FinansialMuda

Gaya Elite, Ekonomi Sulit

Oleh: Sumarni Susilawati

Gaya elite ekonomi sulit, kalimat yang sering kita dengar dan baca, bahkan banyak berseliweran di media sosial. Gaya elite adalah gaya hidup orang dengan ekonomi yang kuat, cenderung menggunakan barang mewah, dan mengikuti tren kekinian. Namun fenomena saat ini, gaya elite bukan hanya dilakukan oleh mereka dengan finansial yang kuat, tetapi juga mereka yang finansialnya pas-pasan atau bahkan belum cukup untuk memenuhi kebutuhan dasar hidup mereka.

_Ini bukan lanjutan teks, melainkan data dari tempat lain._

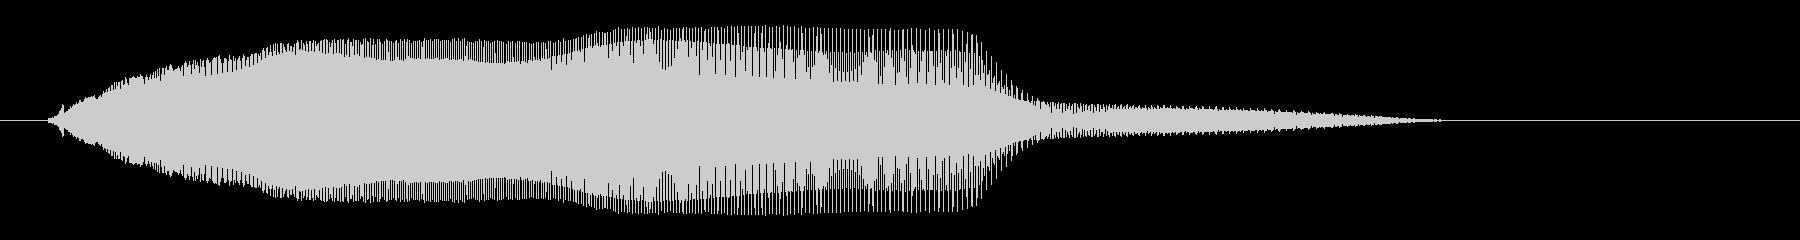 ヒュウー(はっきりとした効果音)の未再生の波形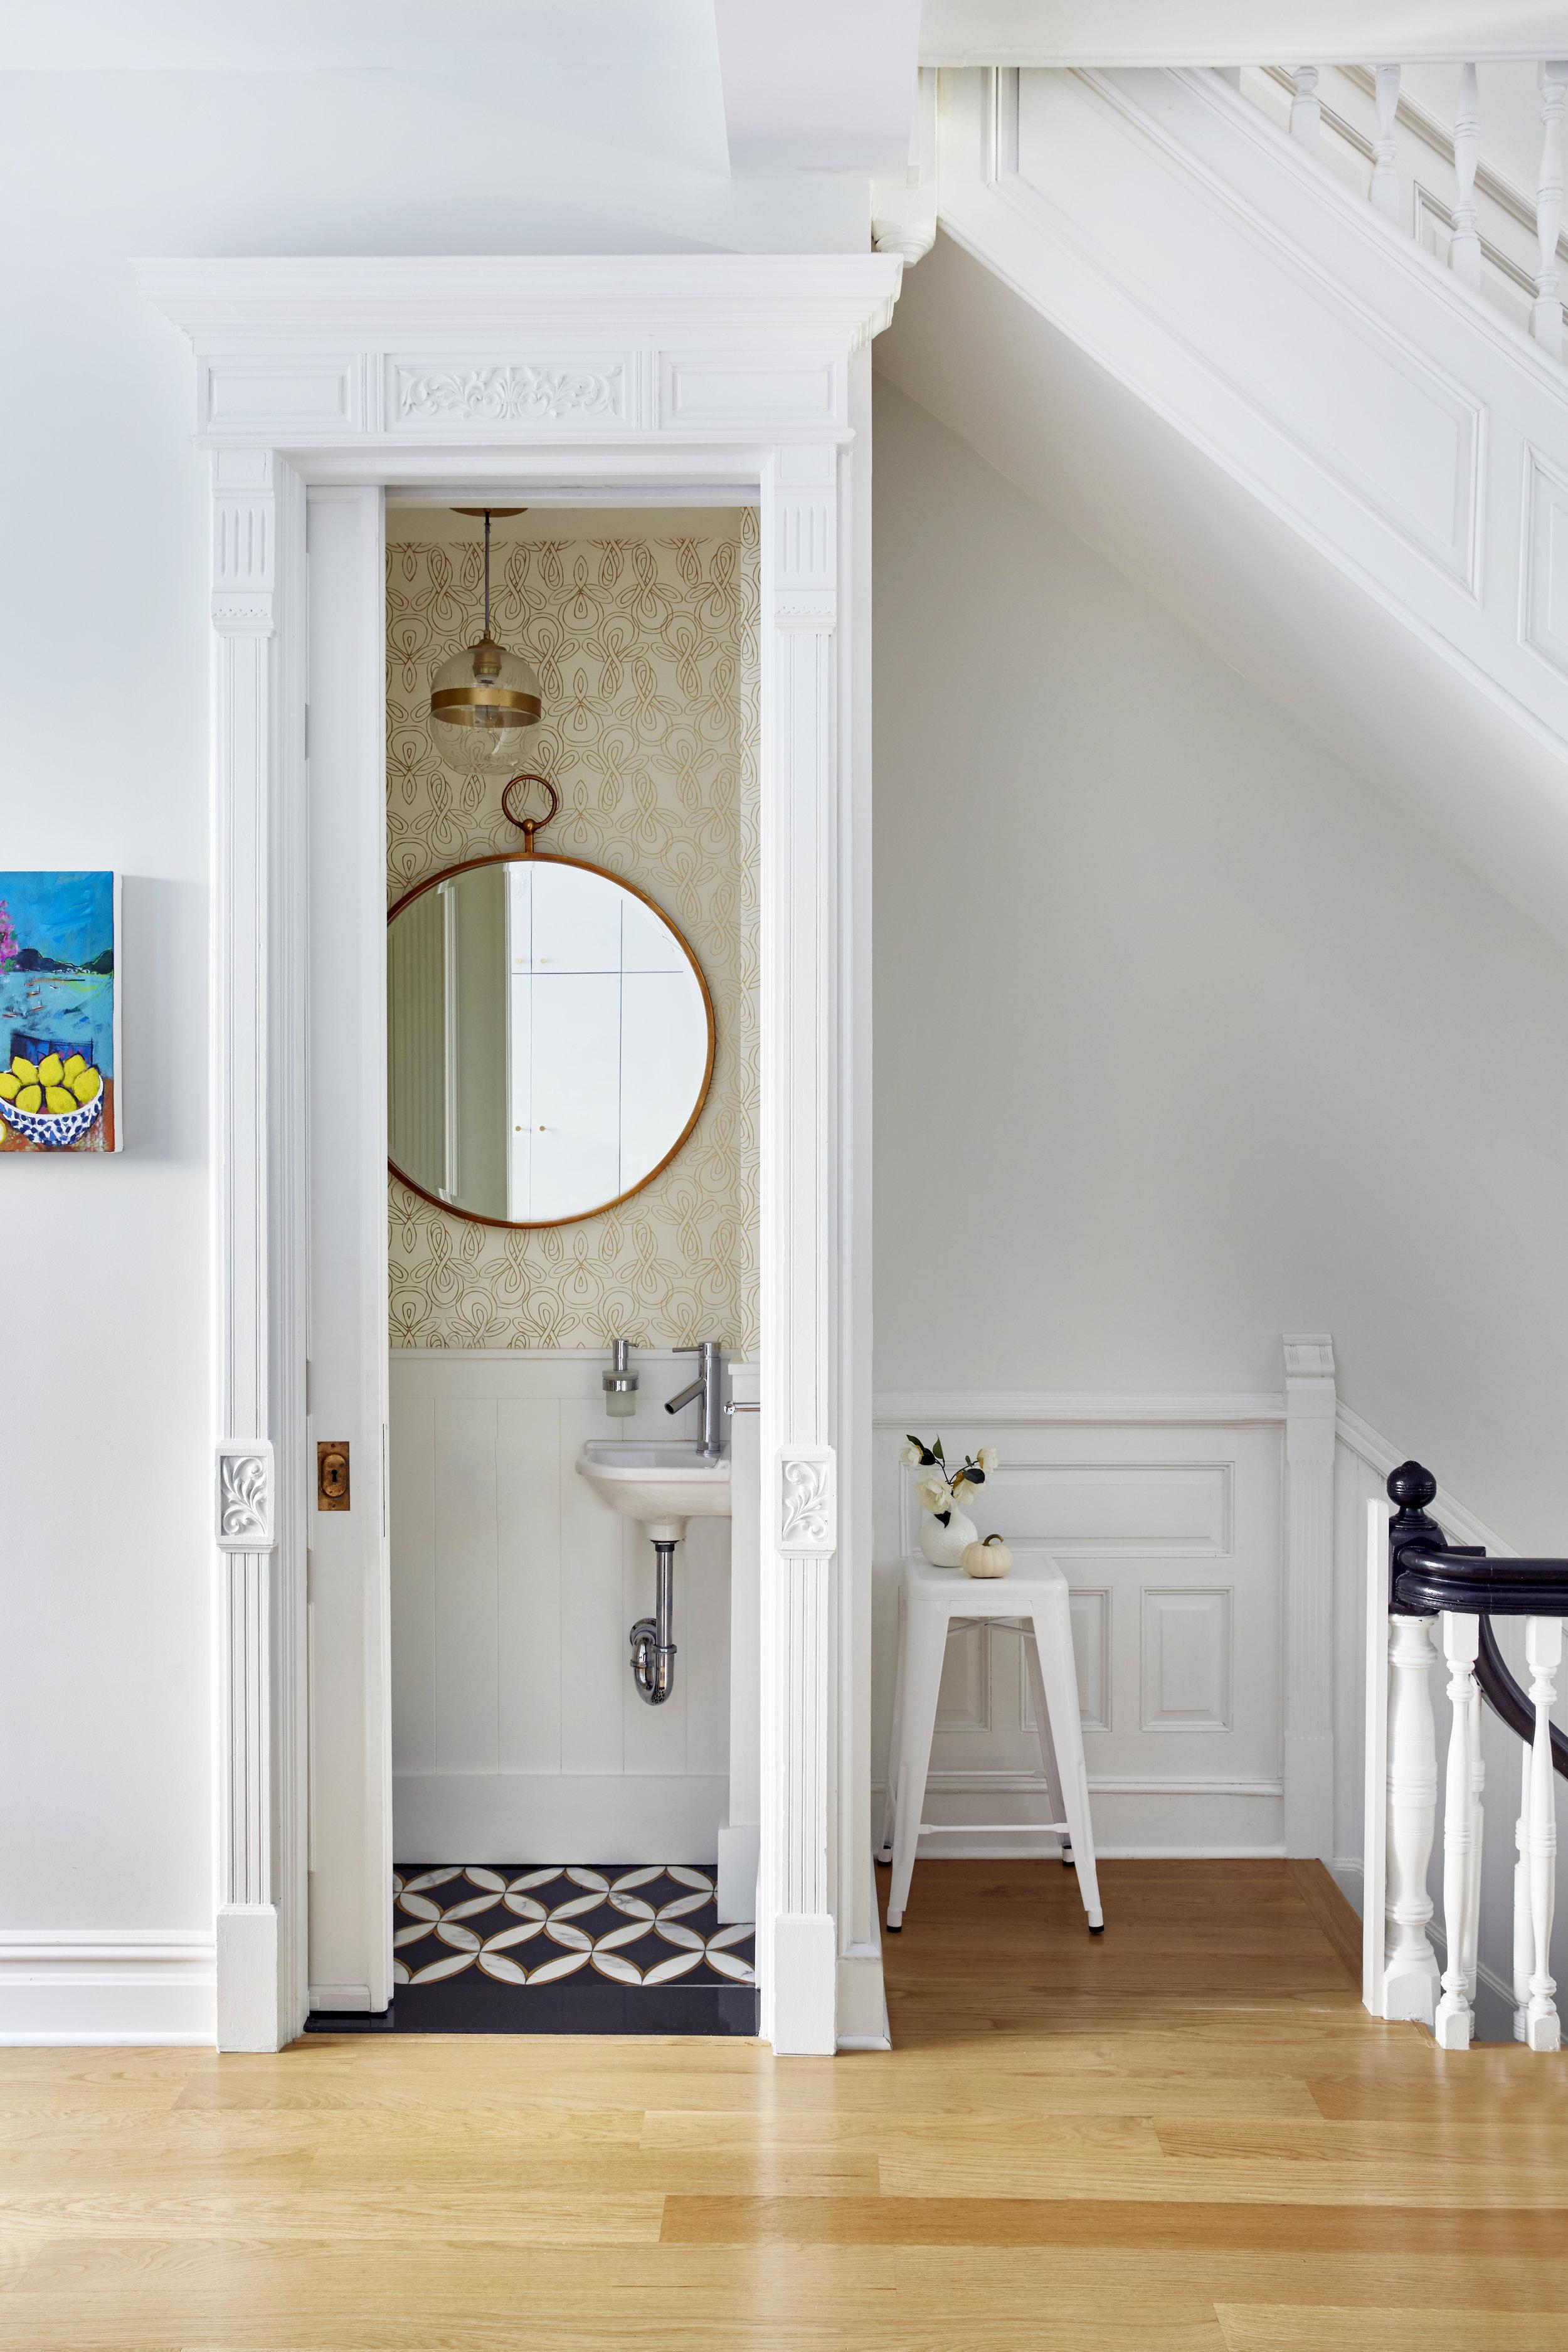 Powder-Room-Art-Deco-Tiles-Park-Slope-Jmorris-Design.jpg

Fenomena ini terjadi di semua kalangan, tidak terkecuali di kalangan remaja yang berstatus pekerja ataupun mahasiswa yang masih mengandalkan keuangan orang tua. Mereka cenderung membeli barang yang sebenarnya tidak dibutuhkan. Kondisi remaja yang masih labil, mencari identitas diri, dan cenderung ingin diakui oleh orang lain akan sangat mudah terbawa arus untuk mengikuti tren dan gaya hidup elite.

Salah satu hal yang berkontribusi pada perilaku ini adalah adanya “budaya” pamer kesuksesan dan penghasilan di media sosial. Tidak sedikit orang dari kalangan ekonomi yang biasa-biasa saja ingin berperilaku sama dengan orang yang sudah mapan secara ekonomi., misalnya membeli barang branded namun dengan cara mencicil. Jika ditanya, apa alasan mereka bergaya hidup elite? Salah satu alasannya adalah sebagai self reward. Mereka merasa sudah belajar atau bekerja keras sehingga harus mengapresiasi diri. Sayangnya kelewat batas.

Para penikmat gaya elite tentu tidak menyadari bahwa apa yang dilakukan akan berdampak pada kondisi keuangan dan psikisnya, karena mereka hanya akan fokus pada kesenangan dan kebahagian mereka semata. Menikmati pujian, pengakuan, dan rasa hormat dari orang-orang di sekitar. Itu akan menjadi candu bagi mereka, sehingga perilaku konsumtif untuk membeli barang mewah terus berlangsung hingga hutang menumpuk.

Baca Juga: Ketika Uang Tak Lagi Berbicara: Mengapa Karyawan Hebat Lebih Memilih Pergi?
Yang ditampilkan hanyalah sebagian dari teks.